Amber Alert


What is​ the AMBER Alert Plan?

The AMBER Alert Plan is a voluntary partnership between law enforcement agencies and broadcasters to activate an urgent bulletin in the most serious child abduction cases.

Broadcasters use the Emergency Alert System (EAS), formerly called the Emergency Broadcast System, to air a description of the abducted child and suspected abductor.

This is the same concept used during severe weather emergencies. The goal of the AMBER Alert is to instantly galvanize the entire community to assist in the search for and safe return of the child.

Why Was the AMBER Plan Created?

The AMBER Alert Plan was created in 1997 as a powerful legacy to 9-year-old Amber Hagerman, a bright little girl who was kidnapped and brutally murdered while riding her bicycle in Arlington, Texas.

The tragedy shocked and outraged the entire community. Residents contacted radio stations in the Dallas area and suggested they broadcast special "alerts" over the airwaves so that they could help prevent such incidents in the future.

In response to the community's concern for the safety of local children, the Dallas/Fort Worth Association of Radio Managers teamed up with local law enforcement agencies in northern Texas and developed this innovative early warning system to help find abducted children. Statistics show that time is the enemy in child abductions.

How Does the AMBER Alert Plan Work?

Once law enforcement has been notified about an abducted child, they must first determine if the case meets the AMBER Alert Plan's criteria for triggering an alert.

Maryland AMBER Plan Criteria

The following criteria are utilized to determine if an Amber Alert should be issued for the State of Maryland:

1. Law enforcement confirms a child has been abducted.

2. The child is under the age of 18.

3. Law enforcement believes the circumstances surrounding the abduction indicate that the child is in danger of serious bodily harm or death.

4. There is enough descriptive information about the child, abductor, and/or suspect's vehicle to believe an immediate broadcast alert will help.

5. The child is believed to still be in the broadcast area.

6. The child's name and other critical elements have been entered into NCIC by police.


How the Amber Plan Works

The local law enforcement agency verifies that a child has been abducted and is in danger of serious bodily harm.

The reporting law enforcement agency contacts the Maryland State Police Headquarters Duty Officer (410) 486-3101 and requests an AMBER Alert Activation.
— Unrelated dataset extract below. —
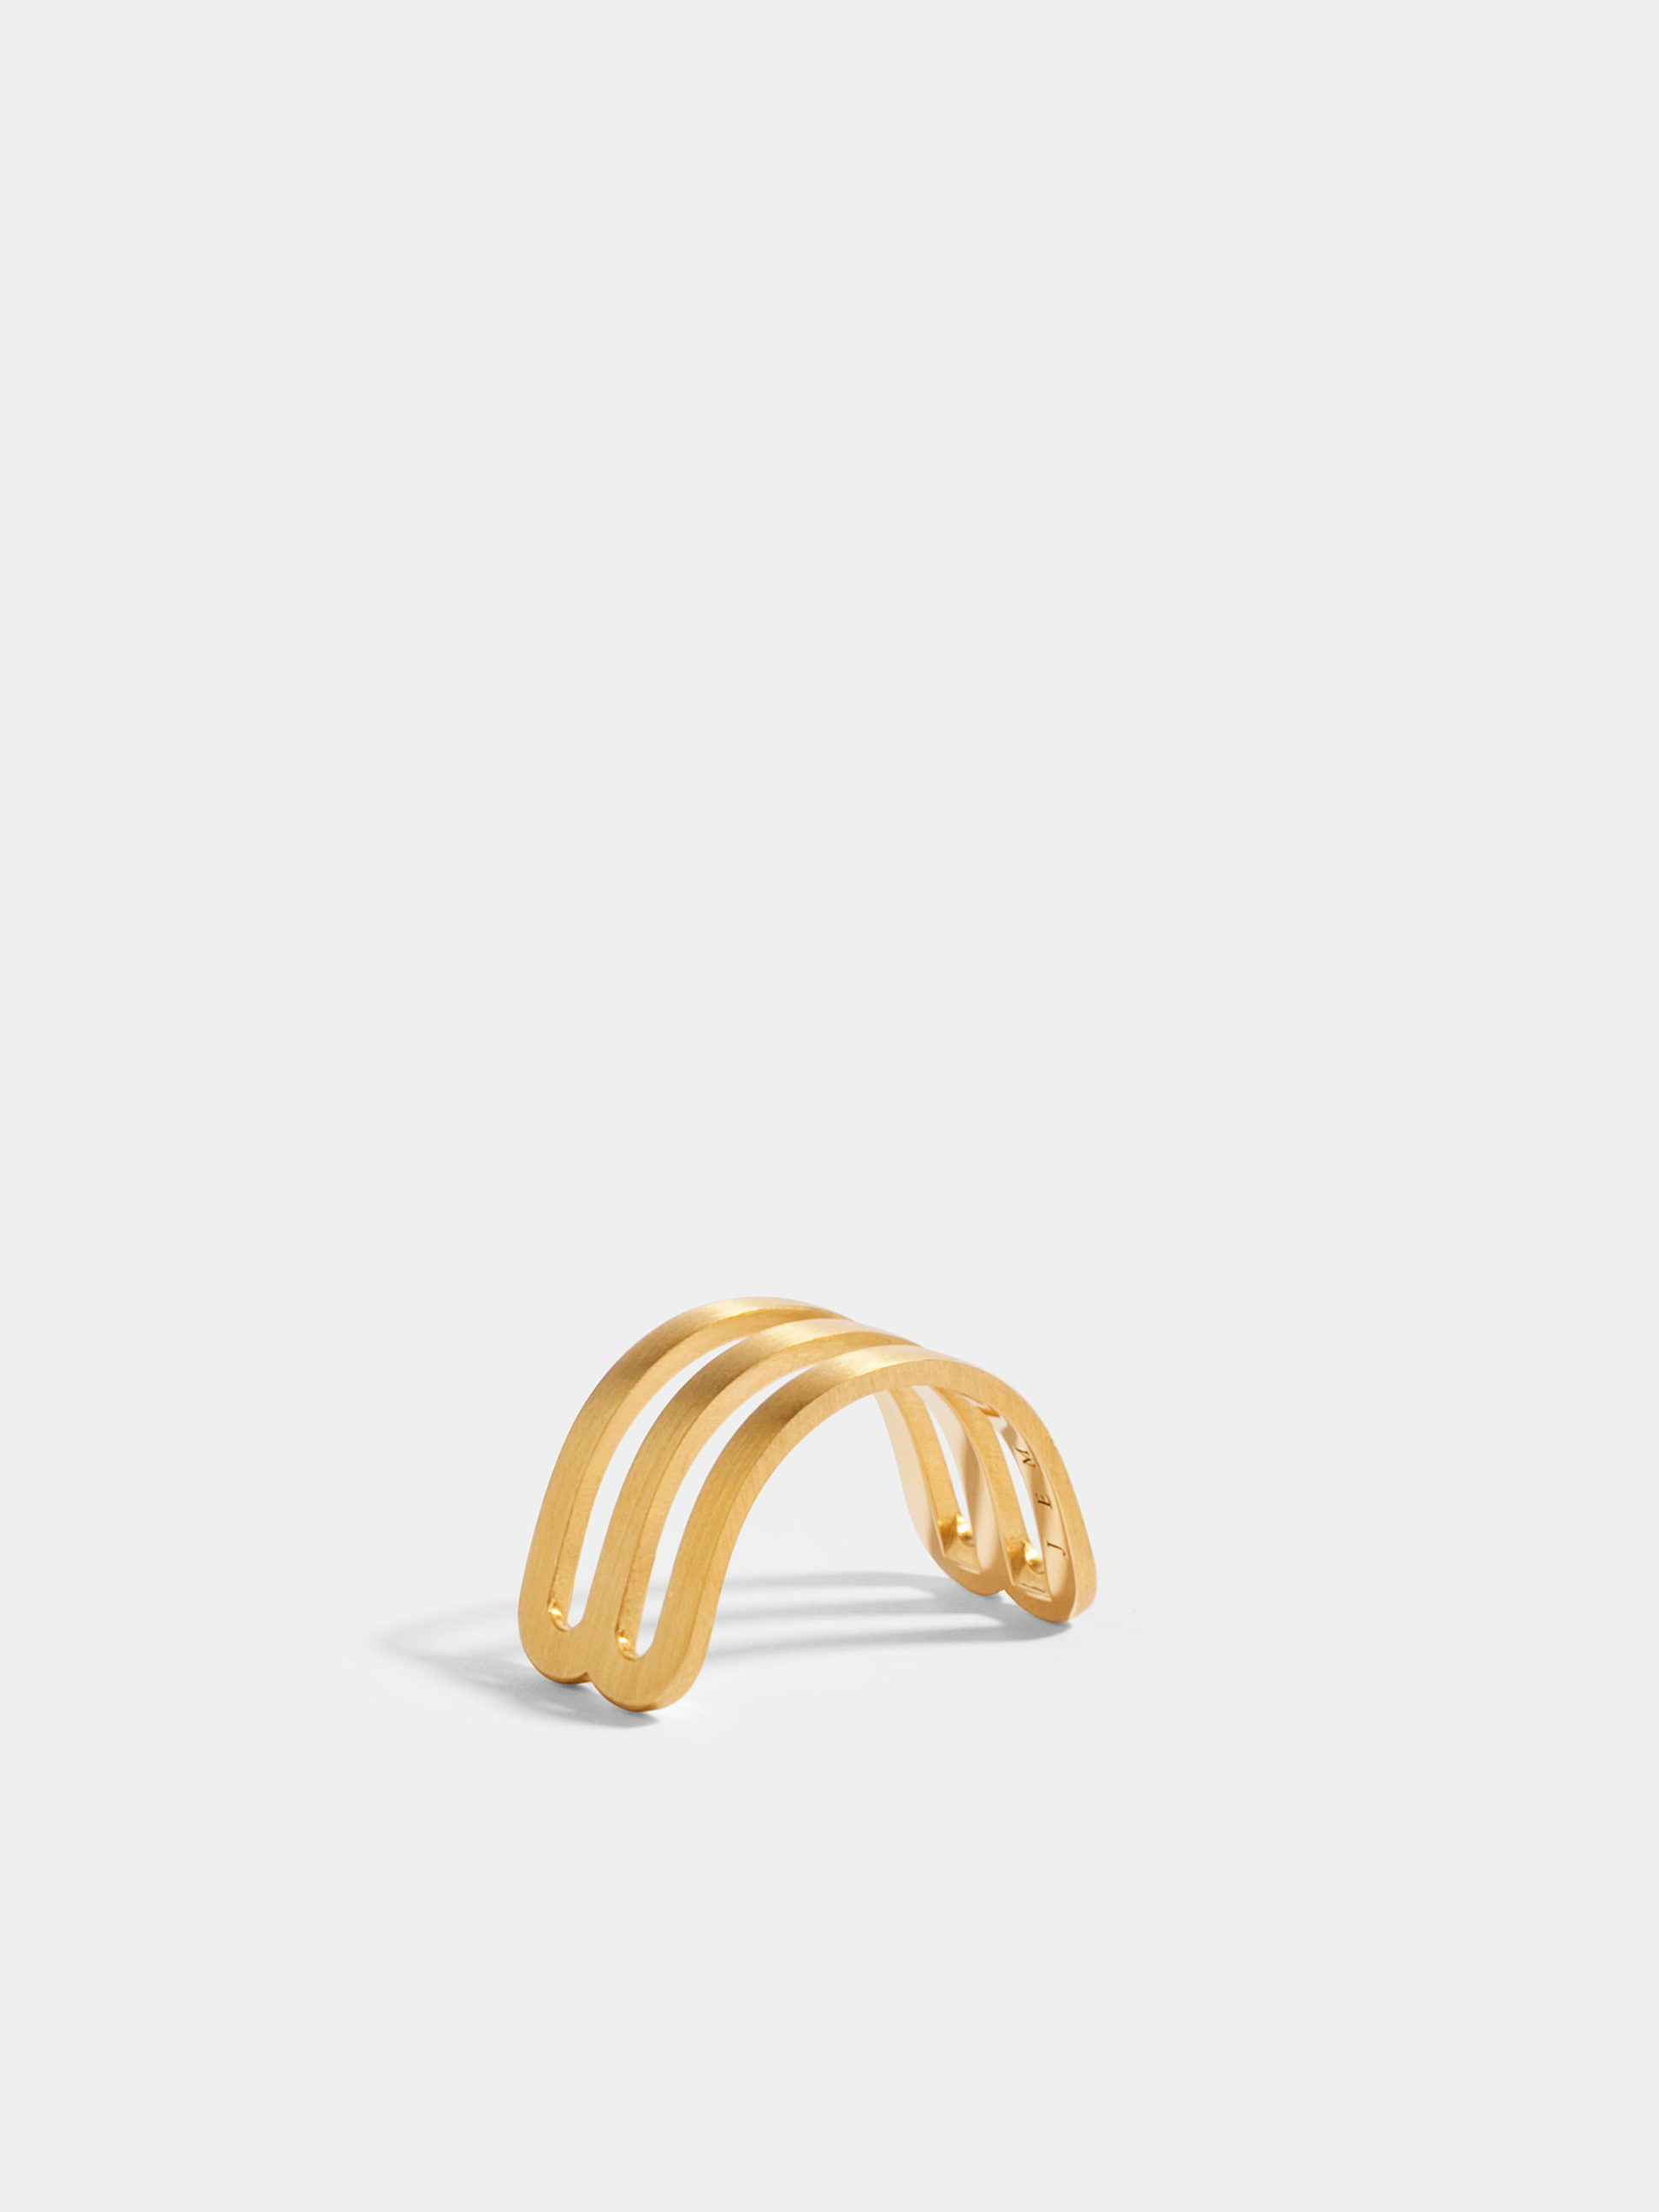 Étreintes double half-ring in 18k Fairmined ethical yellow gold, with brushed finish.

A Maryland State Police Child Recovery Unit calls the requesting agency and obtains the necessary information.

The AMBER Alert information is sent via the Emergency Alert System to broadcasters, the State Highway Administration and Maryland Law Enforcement Agencies.

The broadcasters, the State Highway Administration and various other private and public entities broadcast the information to the general public. The State Highway Administration will immediately post AMBER Alerts utilizing variable message signs. The signs typically used to disseminate traffic information to drivers, now alert the public of abducted children, displaying pertinent information about the child, abductor or suspected vehicle that drivers might look for on highways.

When an AMBER Alert is issued the general public is asked to check their surroundings and if the vehicle, abductor and/or child is seen, to contact the telephone number given in the alert or your local law enforcement agency with the sighting information.

This would be an appropriate time to use the 911 emergency number.


  • Act immediately
  • If your child is missing from home - thoroughly search the house.
  • If you cannot find the child - immediately call 911. Provide the operator with your child's name, date of birth, height, weight, and any other unique identifiers.
  • If your child disappears in a store - notify the store manager or security office then immediately call 911.
  • Request that your child's name and identifying information be immediately entered into the National Crime Information Center (NCIC) Missing Person File.
  • After you have reported your child missing to law enforcement, call the Maryland Center for Missing Children (MCMC) 800-MDS-KIDS for assistance.


Teach your child to be aware and informed:

  • Children should know their full name, address, and phone number.
  • Teach your child to call for help, dial 911, and make long distance calls.
  • Always know where your child is and the routes your child takes to and from school.
  • As a parent you should know your child's friends, their addresses and phone numbers.